** Opening GIVEN DATA block **

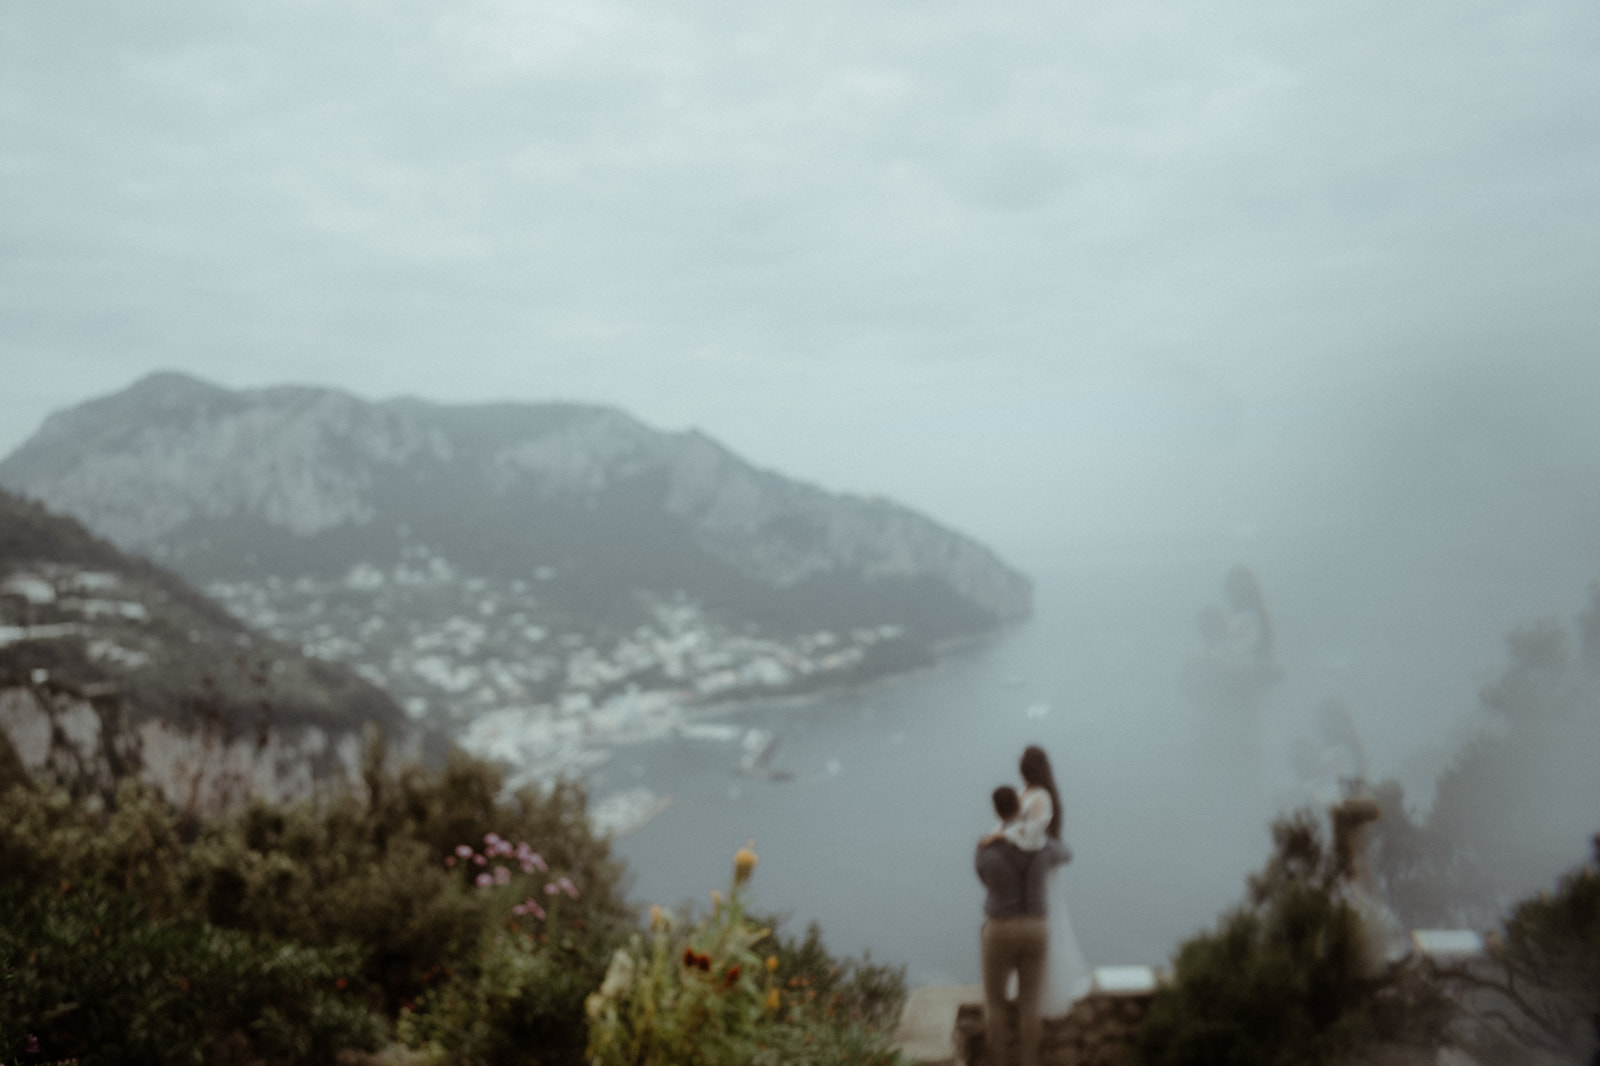 Couple photos at a wedding on the island of Capri and the sea in the background
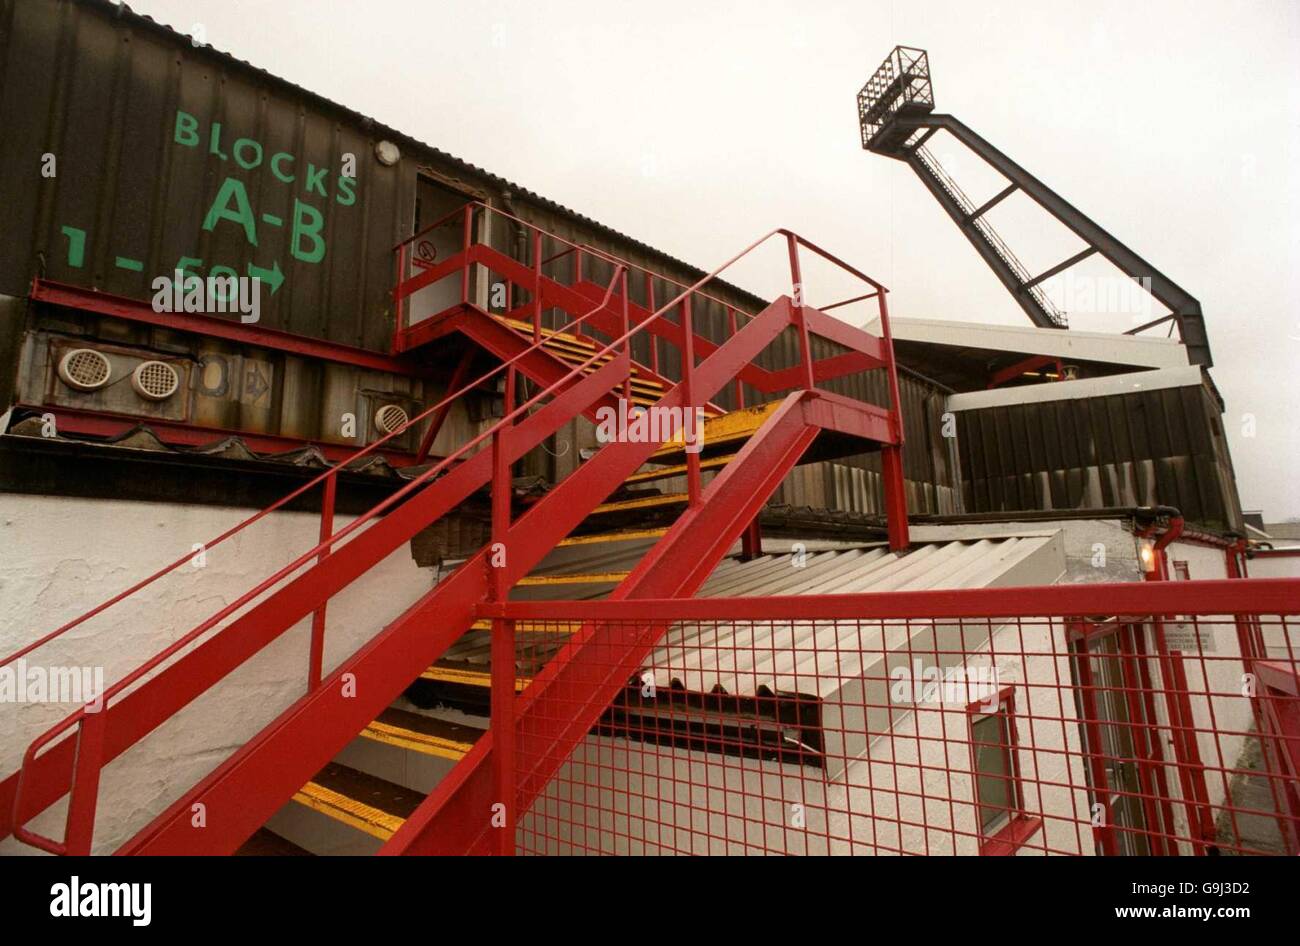 Soccer - Nationwide League Division Two - Swansea City v Millwall. The stairway leading to blocks A and B at Swansea City's Vetch Field ground Stock Photo
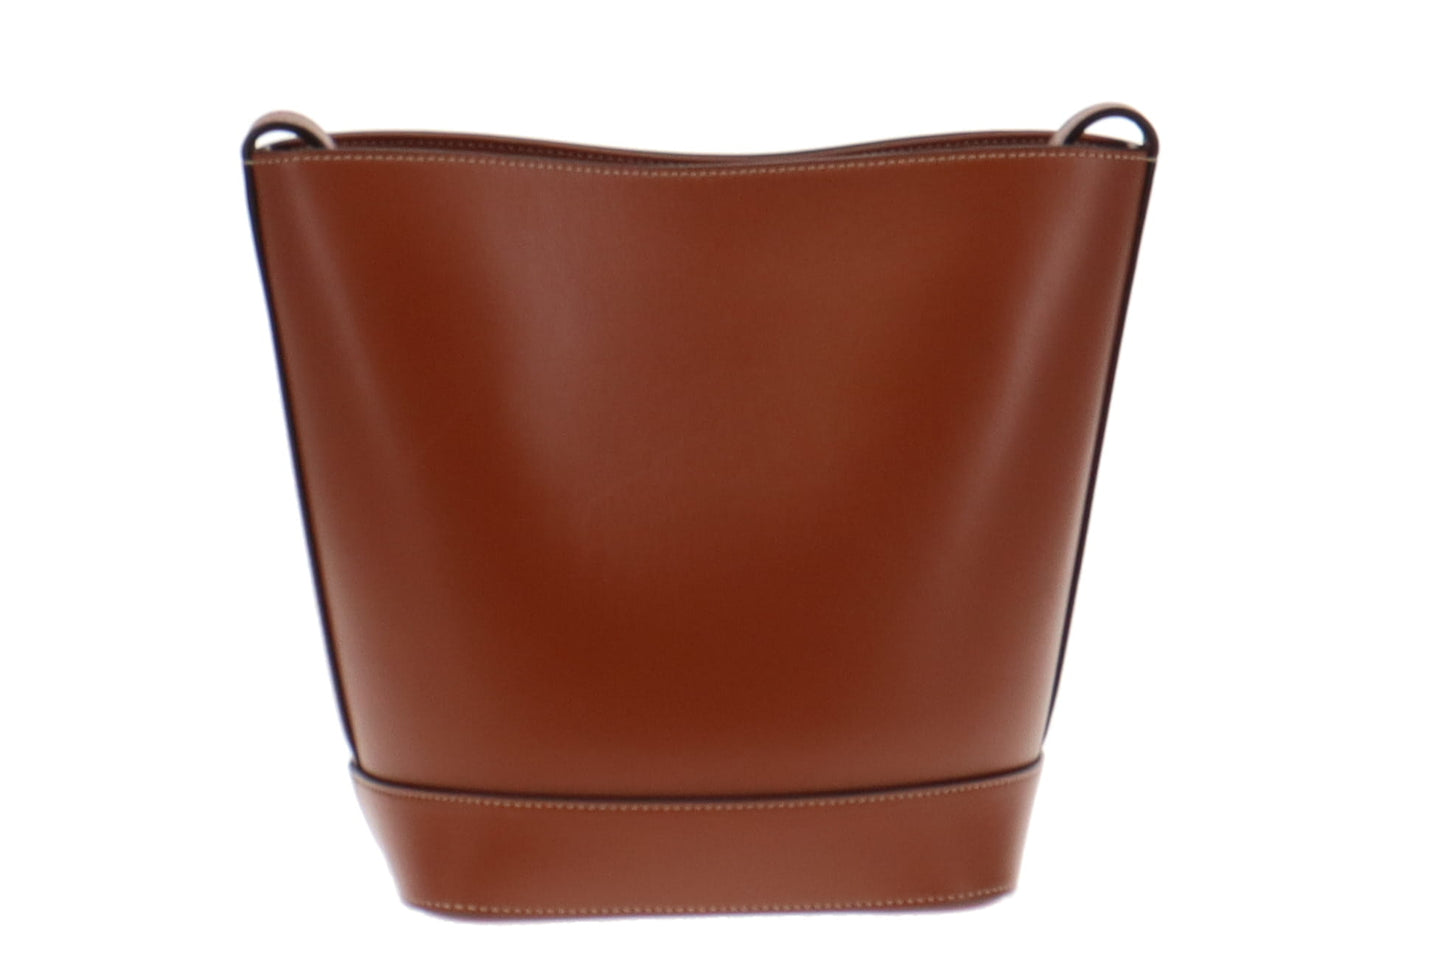 Celine Tan Smooth Leather Small Triomphe Bucket Bag
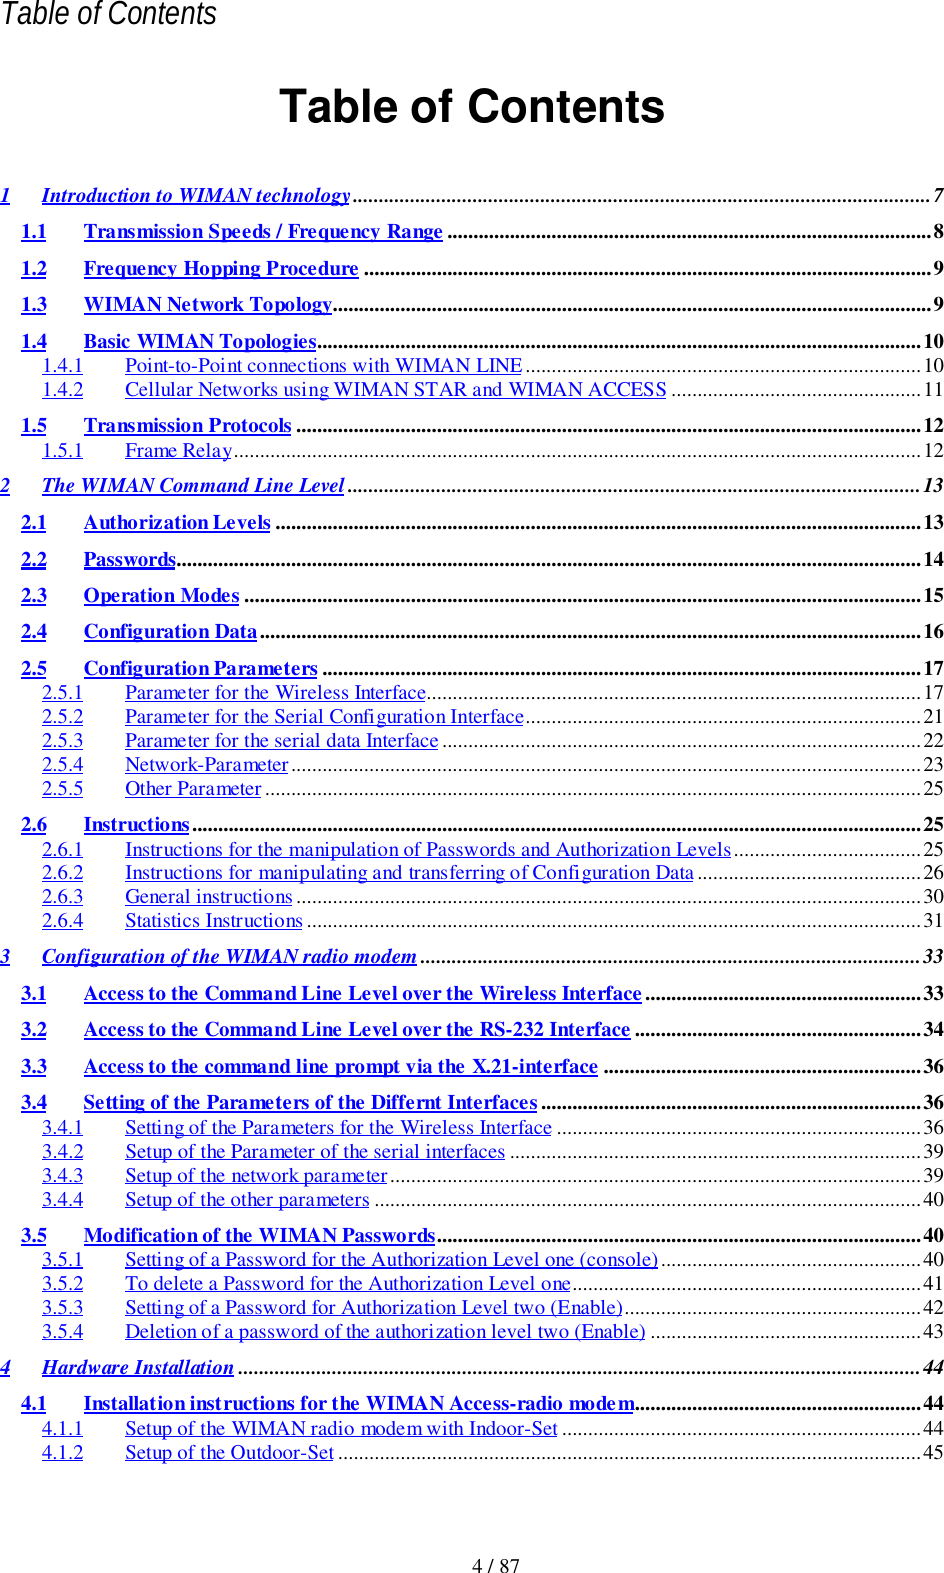 Table of Contents4 / 87Table of Contents1 Introduction to WIMAN technology...............................................................................................................71.1 Transmission Speeds / Frequency Range .............................................................................................81.2 Frequency Hopping Procedure .............................................................................................................91.3 WIMAN Network Topology...................................................................................................................91.4 Basic WIMAN Topologies....................................................................................................................101.4.1 Point-to-Point connections with WIMAN LINE............................................................................101.4.2 Cellular Networks using WIMAN STAR and WIMAN ACCESS ................................................111.5 Transmission Protocols ........................................................................................................................121.5.1 Frame Relay....................................................................................................................................122 The WIMAN Command Line Level ..............................................................................................................132.1 Authorization Levels ............................................................................................................................132.2 Passwords...............................................................................................................................................142.3 Operation Modes ..................................................................................................................................152.4 Configuration Data...............................................................................................................................162.5 Configuration Parameters ...................................................................................................................172.5.1 Parameter for the Wireless Interface...............................................................................................172.5.2 Parameter for the Serial Configuration Interface............................................................................212.5.3 Parameter for the serial data Interface ............................................................................................222.5.4 Network-Parameter.........................................................................................................................232.5.5 Other Parameter..............................................................................................................................252.6 Instructions............................................................................................................................................252.6.1 Instructions for the manipulation of Passwords and Authorization Levels....................................252.6.2 Instructions for manipulating and transferring of Configuration Data...........................................262.6.3 General instructions ........................................................................................................................302.6.4 Statistics Instructions ......................................................................................................................313 Configuration of the WIMAN radio modem ................................................................................................333.1 Access to the Command Line Level over the Wireless Interface.....................................................333.2 Access to the Command Line Level over the RS-232 Interface .......................................................343.3 Access to the command line prompt via the X.21-interface .............................................................363.4 Setting of the Parameters of the Differnt Interfaces .........................................................................363.4.1 Setting of the Parameters for the Wireless Interface ......................................................................363.4.2 Setup of the Parameter of the serial interfaces ...............................................................................393.4.3 Setup of the network parameter......................................................................................................393.4.4 Setup of the other parameters .........................................................................................................403.5 Modification of the WIMAN Passwords.............................................................................................403.5.1 Setting of a Password for the Authorization Level one (console)..................................................403.5.2 To delete a Password for the Authorization Level one...................................................................413.5.3 Setting of a Password for Authorization Level two (Enable).........................................................423.5.4 Deletion of a password of the authorization level two (Enable) ....................................................434 Hardware Installation ...................................................................................................................................444.1 Installation instructions for the WIMAN Access-radio modem.......................................................444.1.1 Setup of the WIMAN radio modem with Indoor-Set .....................................................................444.1.2 Setup of the Outdoor-Set ................................................................................................................45

** Closing GIVEN DATA block **

WHAT TO PRODUCE =>
Transcribe the listing above verbatim. No picture belongs in the result.

SOLUTION TO THIS TASK =>
 Couple photos at a wedding on the island of Capri and the sea in the background
 Soccer - Nationwide League Division Two - Swansea City v Millwall. The stairway leading to blocks A and B at Swansea City's Vetch Field ground Stock Photo
 Celine Tan Smooth Leather Small Triomphe Bucket Bag
 Table of Contents4 / 87Table of Contents1 Introduction to WIMAN technology...............................................................................................................71.1 Transmission Speeds / Frequency Range .............................................................................................81.2 Frequency Hopping Procedure .............................................................................................................91.3 WIMAN Network Topology...................................................................................................................91.4 Basic WIMAN Topologies....................................................................................................................101.4.1 Point-to-Point connections with WIMAN LINE............................................................................101.4.2 Cellular Networks using WIMAN STAR and WIMAN ACCESS ................................................111.5 Transmission Protocols ........................................................................................................................121.5.1 Frame Relay....................................................................................................................................122 The WIMAN Command Line Level ..............................................................................................................132.1 Authorization Levels ............................................................................................................................132.2 Passwords...............................................................................................................................................142.3 Operation Modes ..................................................................................................................................152.4 Configuration Data...............................................................................................................................162.5 Configuration Parameters ...................................................................................................................172.5.1 Parameter for the Wireless Interface...............................................................................................172.5.2 Parameter for the Serial Configuration Interface............................................................................212.5.3 Parameter for the serial data Interface ............................................................................................222.5.4 Network-Parameter.........................................................................................................................232.5.5 Other Parameter..............................................................................................................................252.6 Instructions............................................................................................................................................252.6.1 Instructions for the manipulation of Passwords and Authorization Levels....................................252.6.2 Instructions for manipulating and transferring of Configuration Data...........................................262.6.3 General instructions ........................................................................................................................302.6.4 Statistics Instructions ......................................................................................................................313 Configuration of the WIMAN radio modem ................................................................................................333.1 Access to the Command Line Level over the Wireless Interface.....................................................333.2 Access to the Command Line Level over the RS-232 Interface .......................................................343.3 Access to the command line prompt via the X.21-interface .............................................................363.4 Setting of the Parameters of the Differnt Interfaces .........................................................................363.4.1 Setting of the Parameters for the Wireless Interface ......................................................................363.4.2 Setup of the Parameter of the serial interfaces ...............................................................................393.4.3 Setup of the network parameter......................................................................................................393.4.4 Setup of the other parameters .........................................................................................................403.5 Modification of the WIMAN Passwords.............................................................................................403.5.1 Setting of a Password for the Authorization Level one (console)..................................................403.5.2 To delete a Password for the Authorization Level one...................................................................413.5.3 Setting of a Password for Authorization Level two (Enable).........................................................423.5.4 Deletion of a password of the authorization level two (Enable) ....................................................434 Hardware Installation ...................................................................................................................................444.1 Installation instructions for the WIMAN Access-radio modem.......................................................444.1.1 Setup of the WIMAN radio modem with Indoor-Set .....................................................................444.1.2 Setup of the Outdoor-Set ................................................................................................................45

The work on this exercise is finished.